▶ **DATASET SECTION**
****************************************
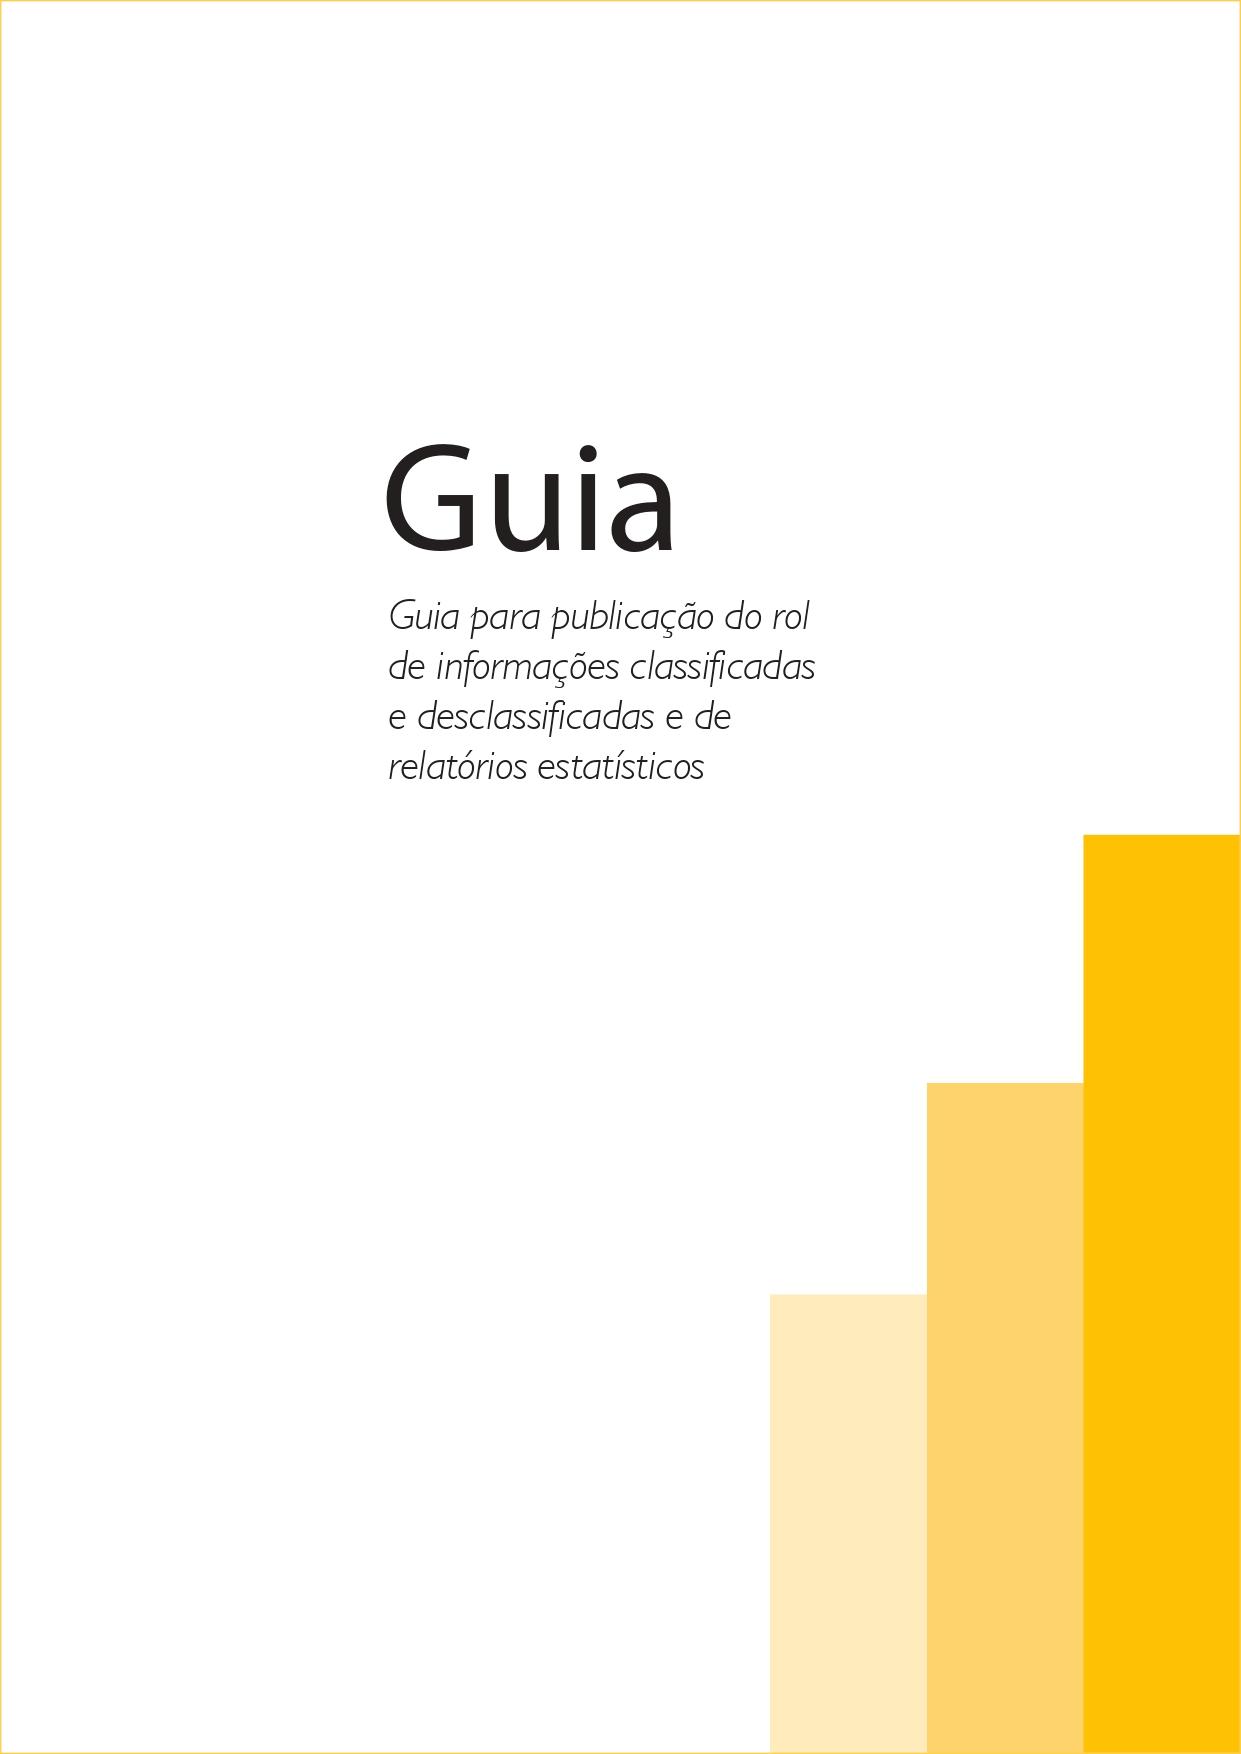 guia-informacoes-classificadas-versao-3.jpg
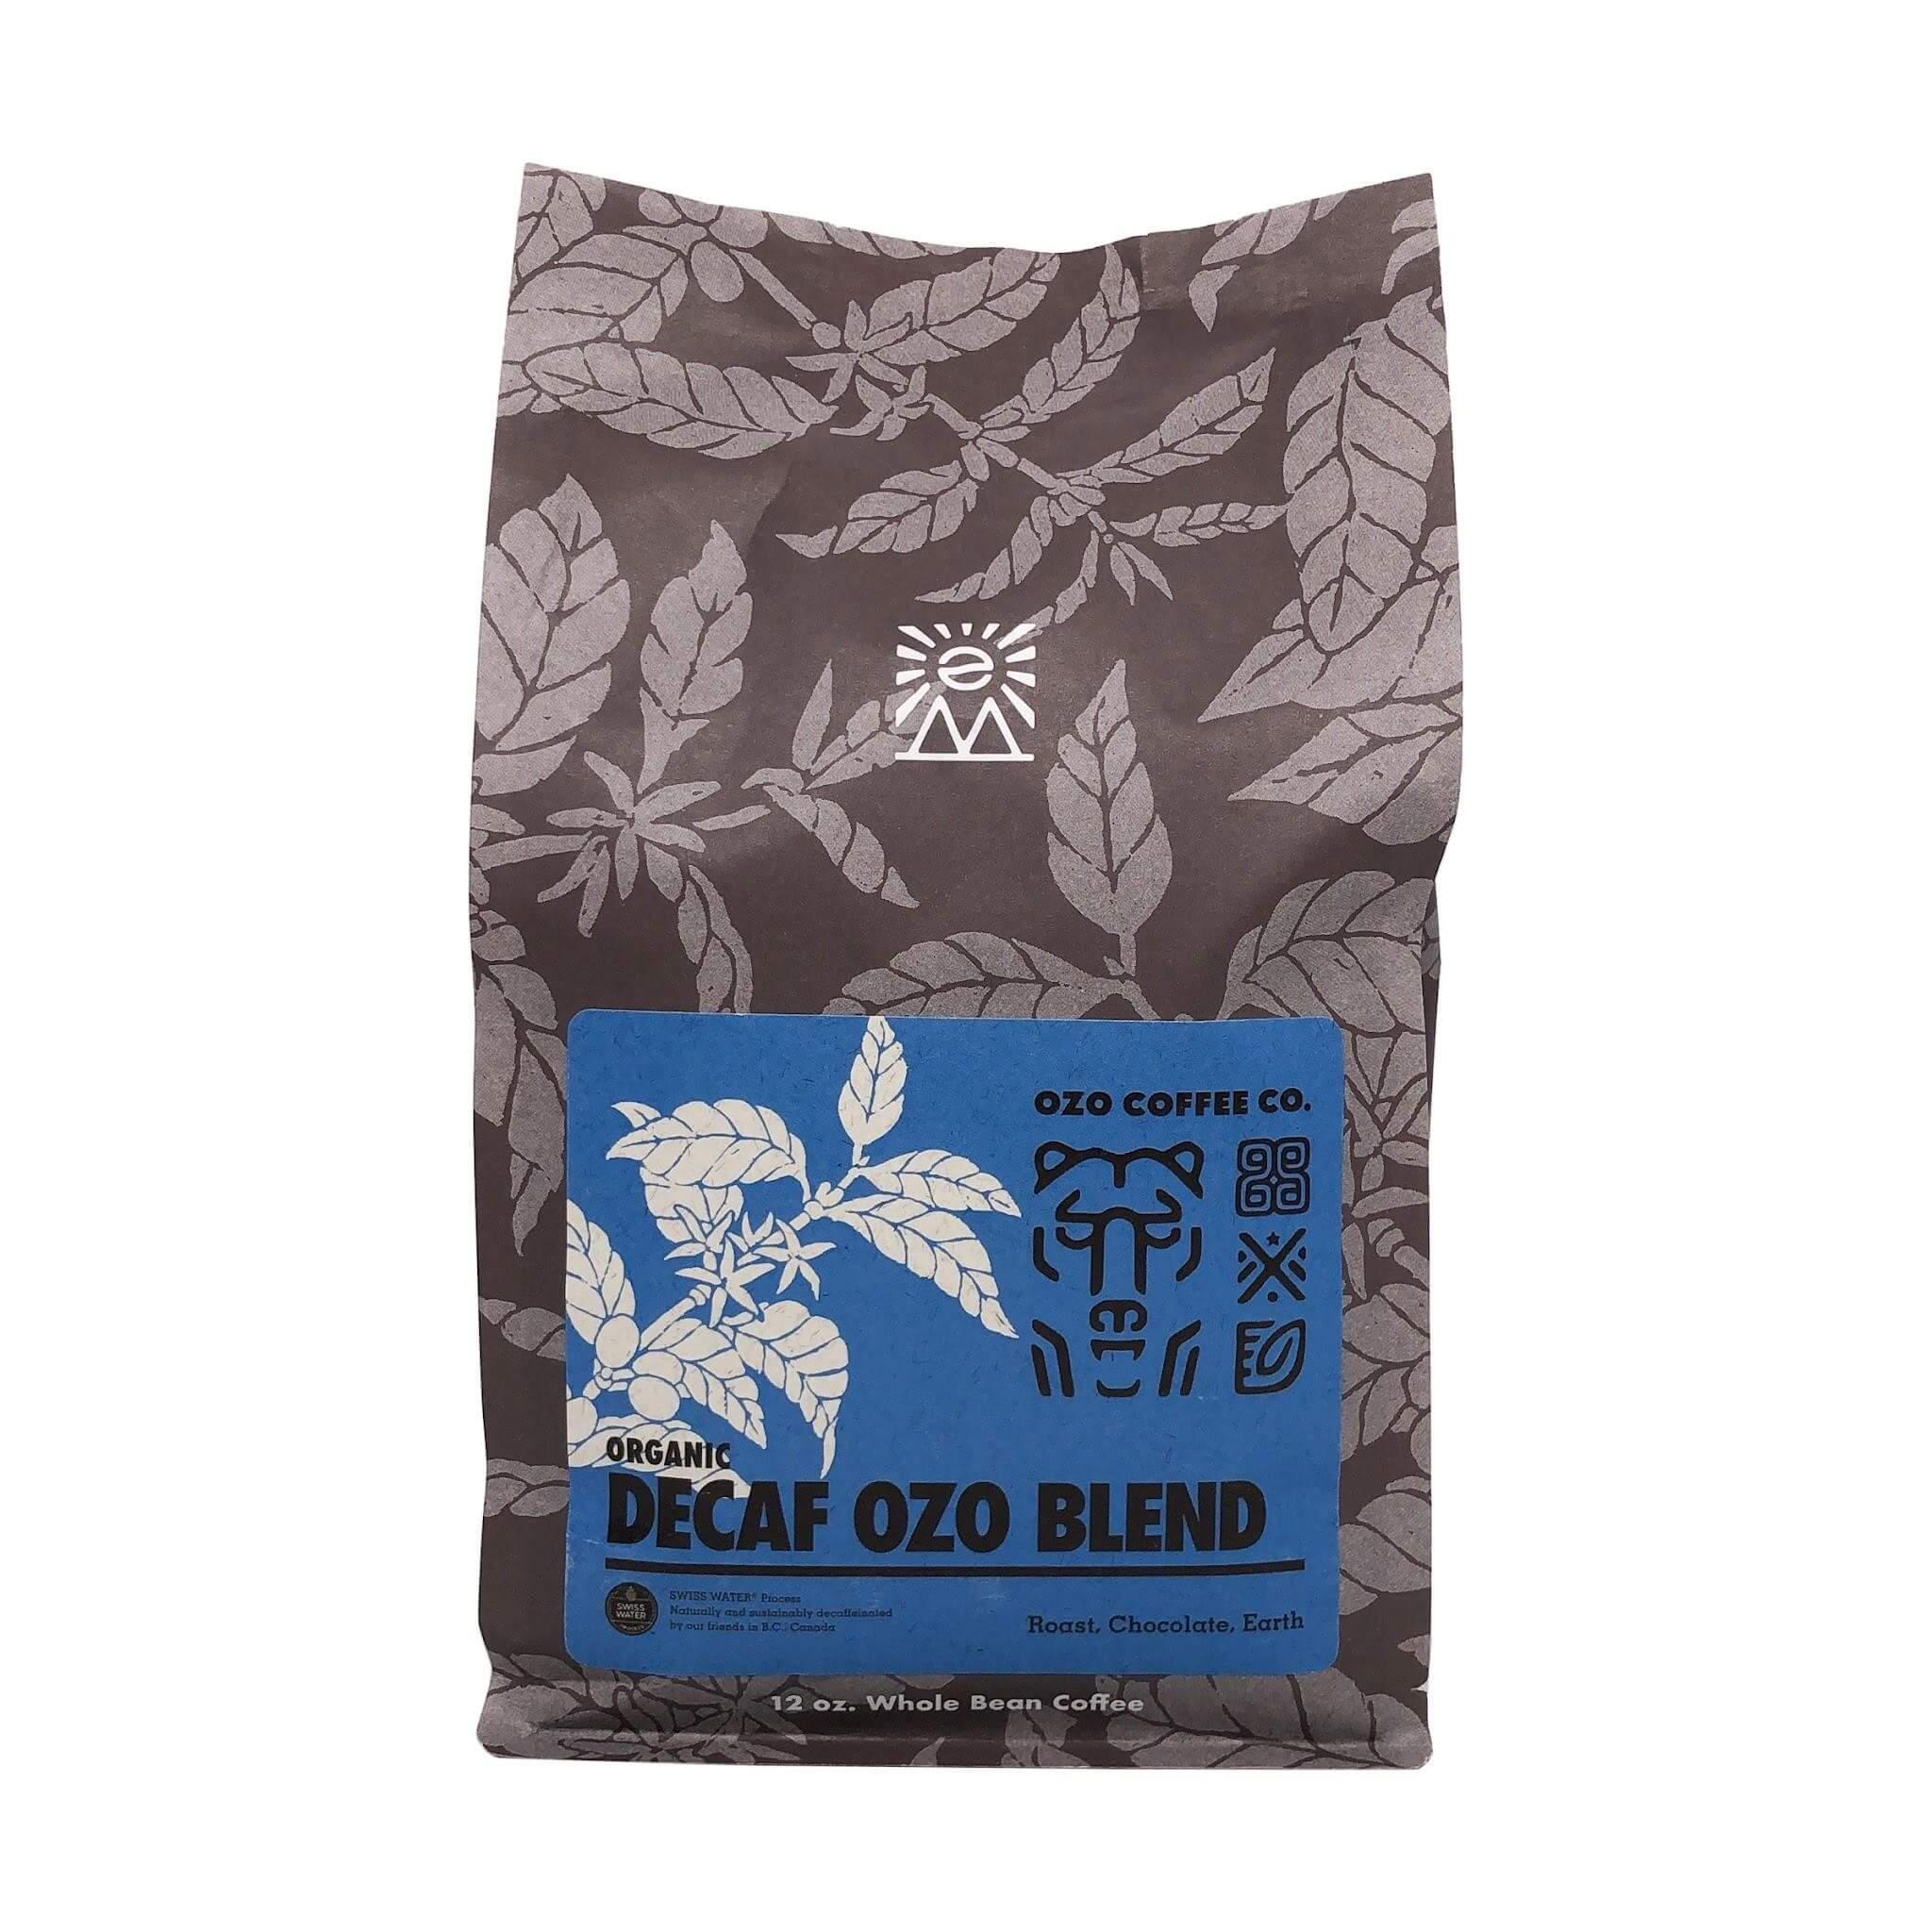 Ozo Coffee Bags
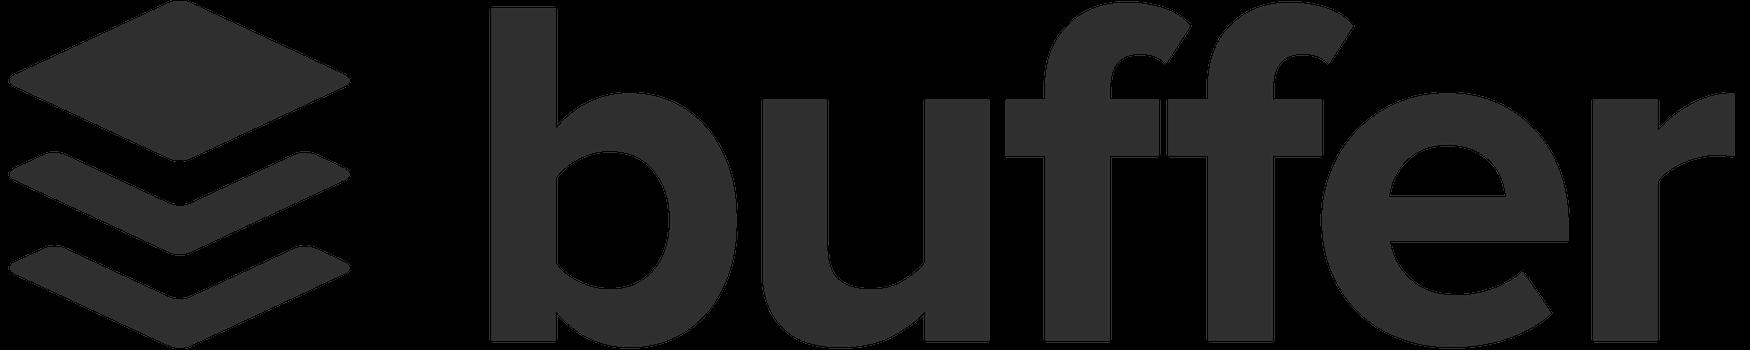 Image result for buffer
****************************************
▶ **PROBLEM REQUIREMENTS**
What is needed is an exact reproduction of the data, pictures excluded.

▶ **EXERCISE OUTPUT**
 guia-informacoes-classificadas-versao-3.jpg
 Ozo Coffee Bags
 Image result for buffer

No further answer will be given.